Legacy Environment Variables#

Legacy environment variables are deprecated, but still read to assist with migration. In all cases there is a new preferred environment variable, as listed in the table below.

Legacy Environment Variable

New Environment Variable(s)

Notes

DATACUBE_CONFIG_PATH

ODC_CONFIG_PATH

Behaviour is slightly different, mostly due to only reading a single file.

DATACUBE_DB_URL

ODC_<env_name>_DB_URL

These legacy environment variables apply to ALL environments - which is probably not what you want.

DB_DATABASE

ODC_<env_name>_DB_DATABASE

DB_HOSTNAME

ODC_<env_name>_DB_HOSTNAME

DB_PORT

ODC_<env_name>_DB_PORT

DB_USERNAME

ODC_<env_name>_DB_USERNAME

DB_PASSWORD

ODC_<env_name>_DB_PASSWORD

DATACUBE_ENVIRONMENT

ODC_ENVIRONMENT

datacube-1.8 used this legacy environment variable fairly inconsistently.
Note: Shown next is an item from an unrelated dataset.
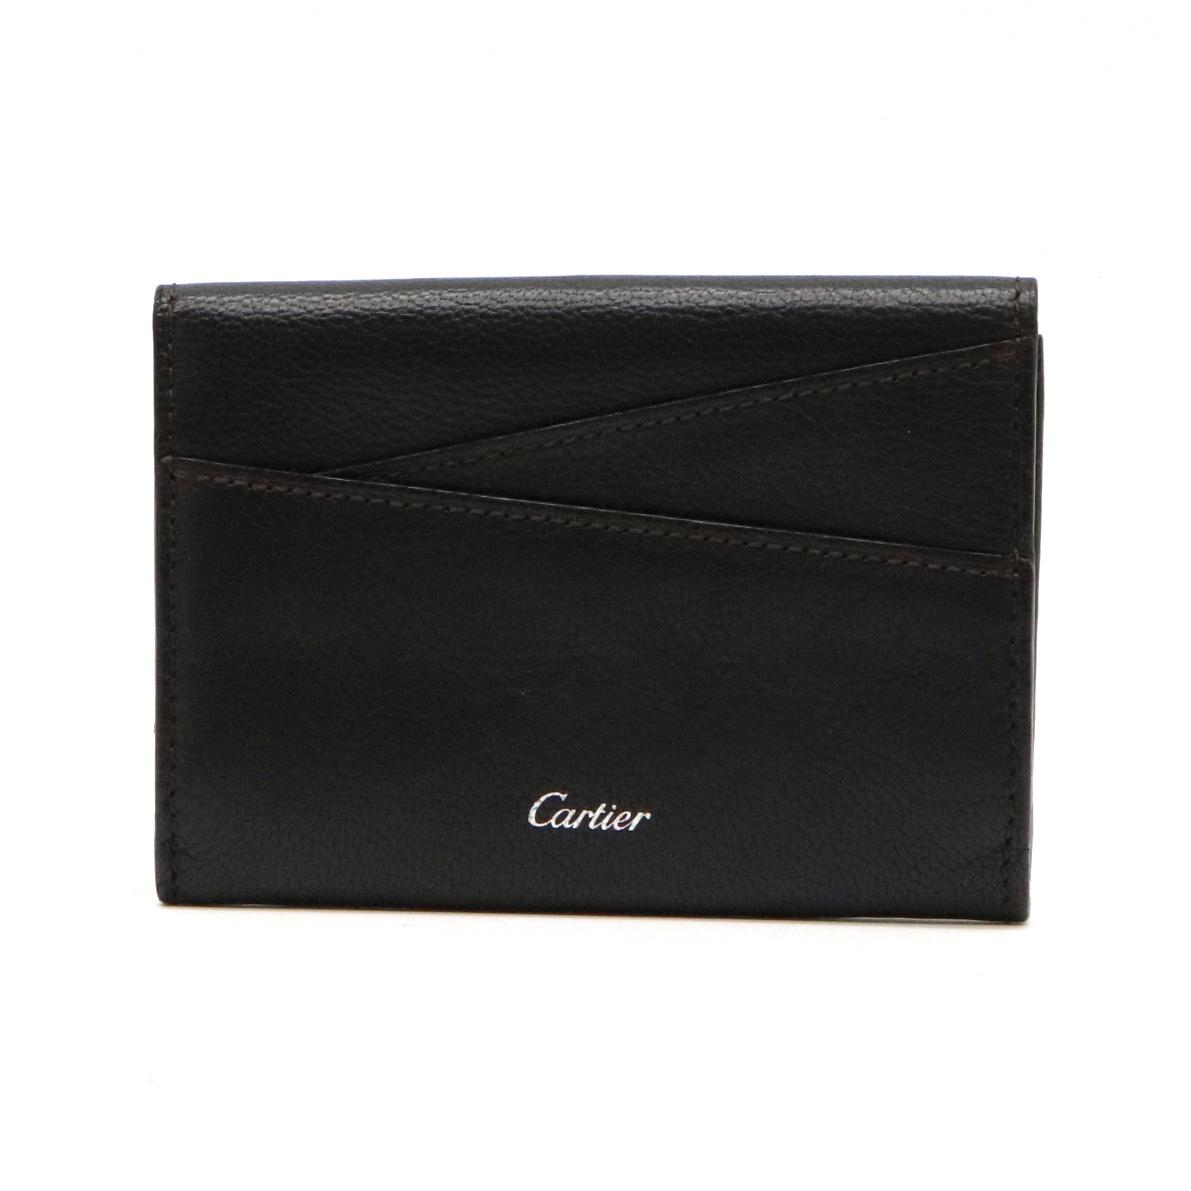 Cartier カルティエ レ マスト カードケース パスケース 名刺入れ レザー カーフ ブラック 黒 シルバー金具 【中古】

There are several corner cases where it is now read where it was not previously.

The auto_config() function#

There used to be an undocumented auto_config() function (also available through python -m datacube) that read in the configuration (from multiple files and environment variables) and wrote it out as a single consolidated configuration file.

As the new configuration engine is more clearly documented and more predictable in its behaviour, this functionality is no longer required.